Exercise inputs below:

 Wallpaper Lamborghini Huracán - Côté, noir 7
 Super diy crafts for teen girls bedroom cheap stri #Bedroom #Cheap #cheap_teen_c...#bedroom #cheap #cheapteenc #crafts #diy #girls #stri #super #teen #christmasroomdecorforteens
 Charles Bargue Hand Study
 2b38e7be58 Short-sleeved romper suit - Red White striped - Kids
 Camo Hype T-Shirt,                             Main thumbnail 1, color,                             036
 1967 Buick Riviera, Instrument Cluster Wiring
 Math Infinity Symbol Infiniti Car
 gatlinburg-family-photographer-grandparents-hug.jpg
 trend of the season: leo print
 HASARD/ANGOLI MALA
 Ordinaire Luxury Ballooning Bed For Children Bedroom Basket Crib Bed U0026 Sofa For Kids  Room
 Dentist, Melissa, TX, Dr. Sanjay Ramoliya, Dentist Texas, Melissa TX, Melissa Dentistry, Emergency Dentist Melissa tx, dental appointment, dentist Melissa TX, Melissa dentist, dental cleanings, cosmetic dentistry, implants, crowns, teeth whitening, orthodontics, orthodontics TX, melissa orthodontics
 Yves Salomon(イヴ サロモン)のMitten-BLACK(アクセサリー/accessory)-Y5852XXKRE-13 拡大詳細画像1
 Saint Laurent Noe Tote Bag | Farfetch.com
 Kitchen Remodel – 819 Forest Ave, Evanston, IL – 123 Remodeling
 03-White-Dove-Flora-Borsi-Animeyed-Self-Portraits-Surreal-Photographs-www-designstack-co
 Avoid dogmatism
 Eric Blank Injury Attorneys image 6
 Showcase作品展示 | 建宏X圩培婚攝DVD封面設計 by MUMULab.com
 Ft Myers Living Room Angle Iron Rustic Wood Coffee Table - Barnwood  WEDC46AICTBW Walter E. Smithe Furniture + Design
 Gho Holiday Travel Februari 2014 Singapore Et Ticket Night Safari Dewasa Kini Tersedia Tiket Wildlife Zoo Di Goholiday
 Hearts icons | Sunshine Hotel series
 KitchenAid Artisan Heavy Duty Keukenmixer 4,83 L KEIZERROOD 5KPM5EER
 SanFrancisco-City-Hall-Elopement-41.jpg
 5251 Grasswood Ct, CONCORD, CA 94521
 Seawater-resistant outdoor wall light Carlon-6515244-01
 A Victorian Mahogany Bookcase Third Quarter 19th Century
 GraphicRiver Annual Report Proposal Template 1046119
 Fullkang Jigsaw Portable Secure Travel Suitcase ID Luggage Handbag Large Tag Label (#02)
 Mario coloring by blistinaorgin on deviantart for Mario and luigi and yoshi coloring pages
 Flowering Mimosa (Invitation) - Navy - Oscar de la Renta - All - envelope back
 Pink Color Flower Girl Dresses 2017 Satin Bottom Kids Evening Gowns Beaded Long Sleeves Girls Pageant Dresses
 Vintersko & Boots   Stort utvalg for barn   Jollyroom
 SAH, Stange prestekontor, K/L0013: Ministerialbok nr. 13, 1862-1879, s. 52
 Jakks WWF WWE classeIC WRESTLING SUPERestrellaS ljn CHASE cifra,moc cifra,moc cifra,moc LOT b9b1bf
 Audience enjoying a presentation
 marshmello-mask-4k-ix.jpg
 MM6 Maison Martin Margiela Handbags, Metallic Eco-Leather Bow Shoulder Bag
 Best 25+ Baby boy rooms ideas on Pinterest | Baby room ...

End of Exercise inputs.

Return the span of lines in the data above that opens at the line with "5251 Grasswood Ct, CONCORD, CA 94521" and closes at the line with "Audience enjoying a presentation", exactly, ends included, nothing else.

The completed task:
 5251 Grasswood Ct, CONCORD, CA 94521
 Seawater-resistant outdoor wall light Carlon-6515244-01
 A Victorian Mahogany Bookcase Third Quarter 19th Century
 GraphicRiver Annual Report Proposal Template 1046119
 Fullkang Jigsaw Portable Secure Travel Suitcase ID Luggage Handbag Large Tag Label (#02)
 Mario coloring by blistinaorgin on deviantart for Mario and luigi and yoshi coloring pages
 Flowering Mimosa (Invitation) - Navy - Oscar de la Renta - All - envelope back
 Pink Color Flower Girl Dresses 2017 Satin Bottom Kids Evening Gowns Beaded Long Sleeves Girls Pageant Dresses
 Vintersko & Boots   Stort utvalg for barn   Jollyroom
 SAH, Stange prestekontor, K/L0013: Ministerialbok nr. 13, 1862-1879, s. 52
 Jakks WWF WWE classeIC WRESTLING SUPERestrellaS ljn CHASE cifra,moc cifra,moc cifra,moc LOT b9b1bf
 Audience enjoying a presentation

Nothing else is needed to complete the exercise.